BAMParser Changes

Developer
Feb 9, 2014 at 5:41 PM
Hi All,

So I have been working with the BAM parser over the weekend quite a bit, with the goal of integrating/extending some of Amber's work on the ploidulator. I wanted to put forward a list of changes that I am making in addition to some basic code clean-up/refactoring.

The central issue is that our specification was not in aggreement with the files produced and consumed by SAMTools and Picard, which will often be an upstream toolset applied to BAM files. I am proposing that we change our file formats to match these tools as they are the most commonly used. Advantages: Compatibility. Disadvantages: Breaking change, all BAM files made previously in .NET Bio woudl need to be re-indexed after these changes.

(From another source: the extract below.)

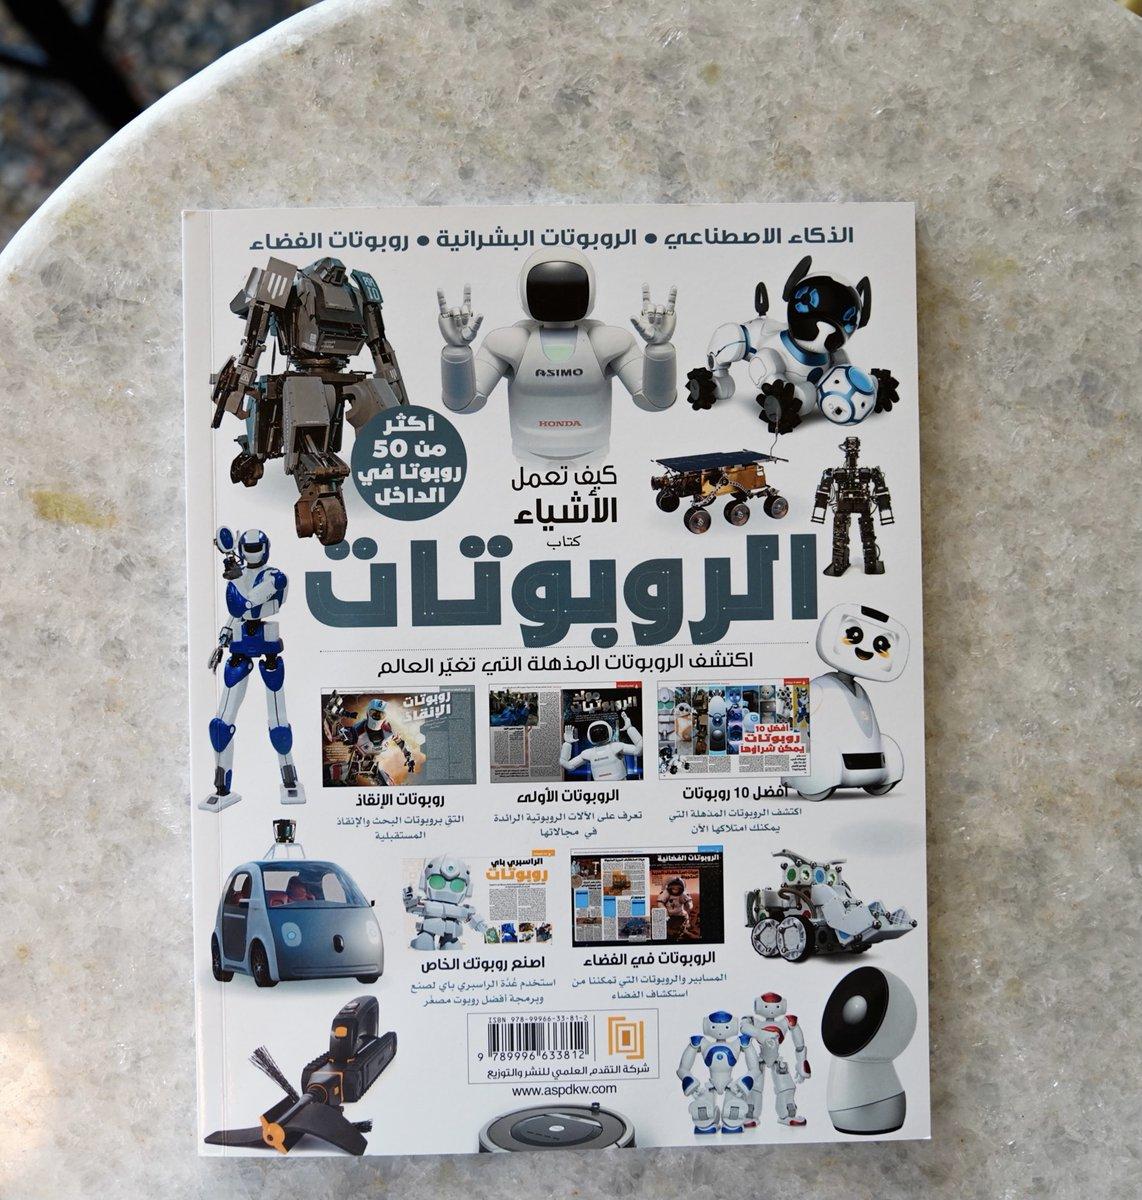 كتاب الروبوتات  بسعر مخفض   اكتشف أفضل الروبوتات التي يمكنك امتلاكها في الوقت الراهن. كيف تجعل الروبوتات الكون أصغر حجما من أي وقت مضى. وأخيرا، ستتعلم كيف تصنع روبوتك الشخصي الأول  قيمة النسخة الان 2 دينار كويتي   للطلب    #معرض_الكويت_الافتراضي_للكتاب
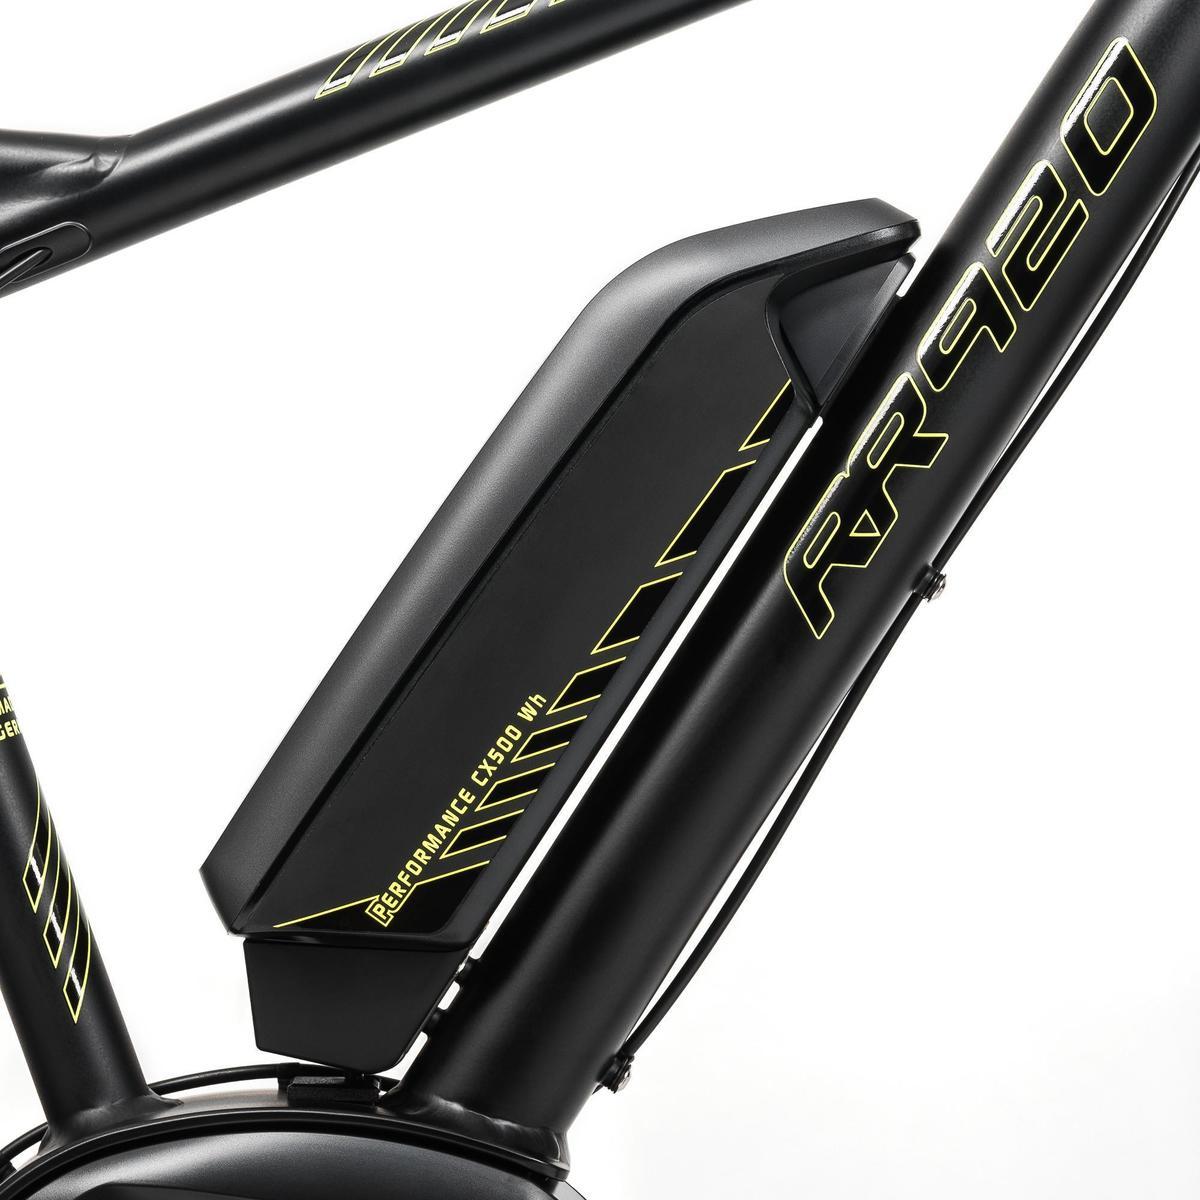 Bild 3 von E-MTB RR920 Performance CX 2018 500WH Alu schwarz/gelb

To describe the changes I am proposing a bit more:
  • The BAM index files typically contain meta-data that is not standardized or documented. I changed our parser/formatter to match this pull request for the spec from the Biopython crowd: https://github.com/samtools/hts-specs/pull/2, that seems to be what most tools do right now. This brings our file formats inline with picard/samtools, the meta data isn't standardized but I think is as good as we can get.
  • The linear index for the BAM file is not adequately described in the specification. We were implementing an indexing method that was distinct from what is used by picard/samtools, and interconverting between formats was impossible. I am changing our code to match the binary output of picard/samtools and use their indexing scheme. This really should have been in the specification, but as it isn't, and samtools is so commonly used, I think we should try to have all our tools be compatible with its output, even if there isn't a working specification for the index file format yet. (SAMTools and Picard also produce slightly different files, but only the ordering of items changes).
  • We were also calculating bins differently. Although the exact calculation is given in the spec for an alignment start/end, it is not clear how to calculate start/end in some situtations (end or end+1, what to do when no alignment, or partial alignment, etc. etc.) I have tried to make some slight changes to our calculation which appear to match the samtools bin calculations. This really only affects reads that span a break at 2^14, as we would occasionally move it "up" or "down" the binning tree relative to samtools when things were off +/- 1. This is a relatively minor issue though.
So I have coded this and am getting ready to commit it, but it wound up being an awful lot and since I think this qualifies as a breaking change wanted to run it by people for votes. Also, some unit tests change due to the format changes, so I will likely change those (the goal would be to change the tests by making sure our output matches picard).

Any strong feelings, votes on this, etc?

-Nigel
Coordinator
Feb 10, 2014 at 7:00 PM
No objections here: while this does qualify as a breaking change, it makes the library behave in a more standard manner and I think that would be the expectation of any user.

We will document this and other changes in the release notes for any future release, of course.

Simon
Developer
Feb 11, 2014 at 3:36 AM
Simon, thanks, just committed the changes. I believe this should only be a breaking change in a few sets of edges cases.

With the change are some new unit tests to ensure functionality/compatibility as well as new data related to those unit tests. I always worry a bit that the new data files associated with the unit tests won't upload, so if someone can download the latest and validate the tests pass on a local machine it would be great.

Cheers to seamless compatibility,
N